Everything from the line containing "Loadrunner Cloud" through the final line below must be output exactly, both ends included, with nothing else and no pictures.

- **Information provided**:
- - -

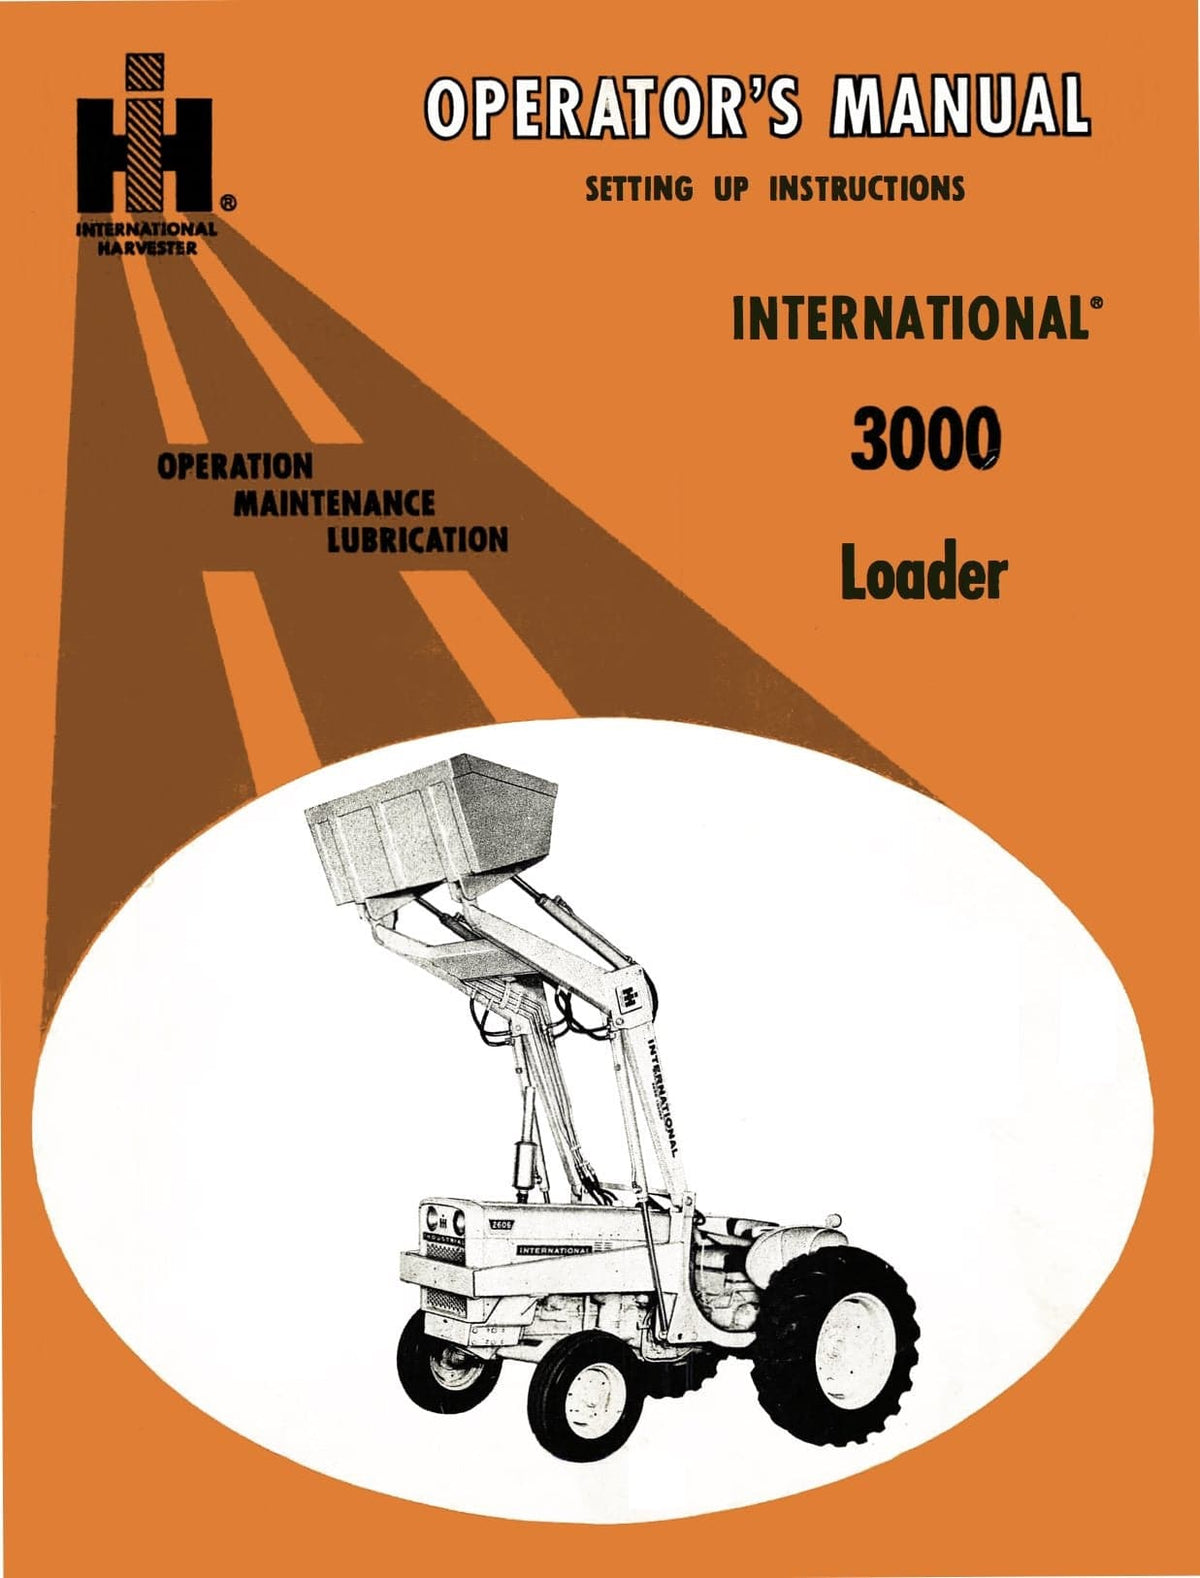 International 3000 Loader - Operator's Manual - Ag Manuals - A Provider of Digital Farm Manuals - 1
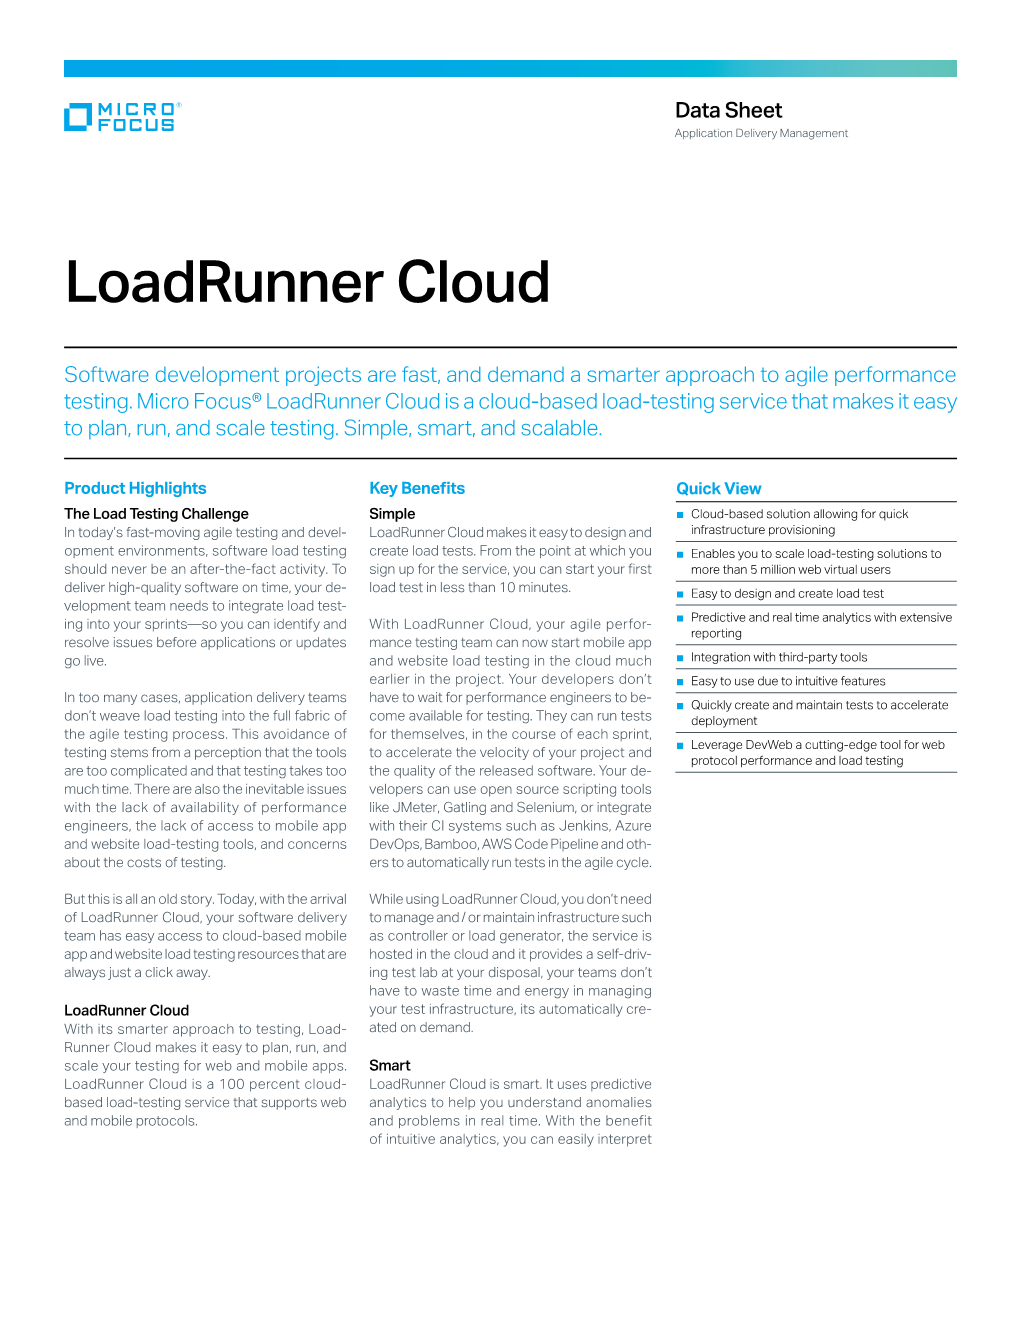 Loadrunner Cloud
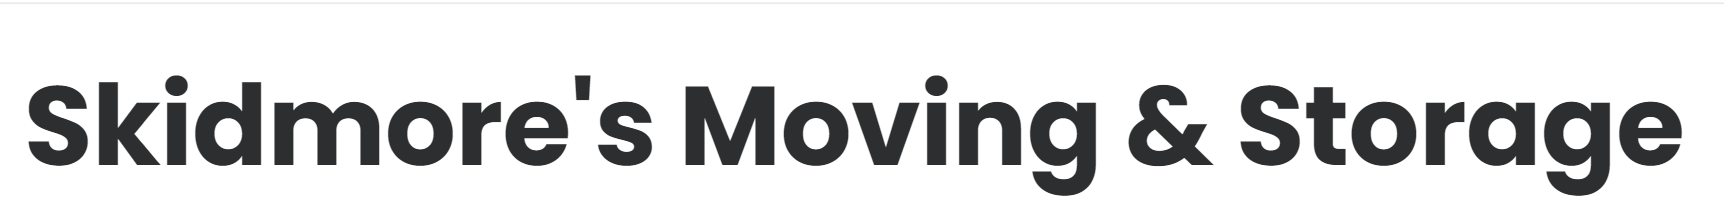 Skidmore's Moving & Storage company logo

- - -

- **Worked solution**:
 Loadrunner Cloud
 Skidmore's Moving & Storage company logo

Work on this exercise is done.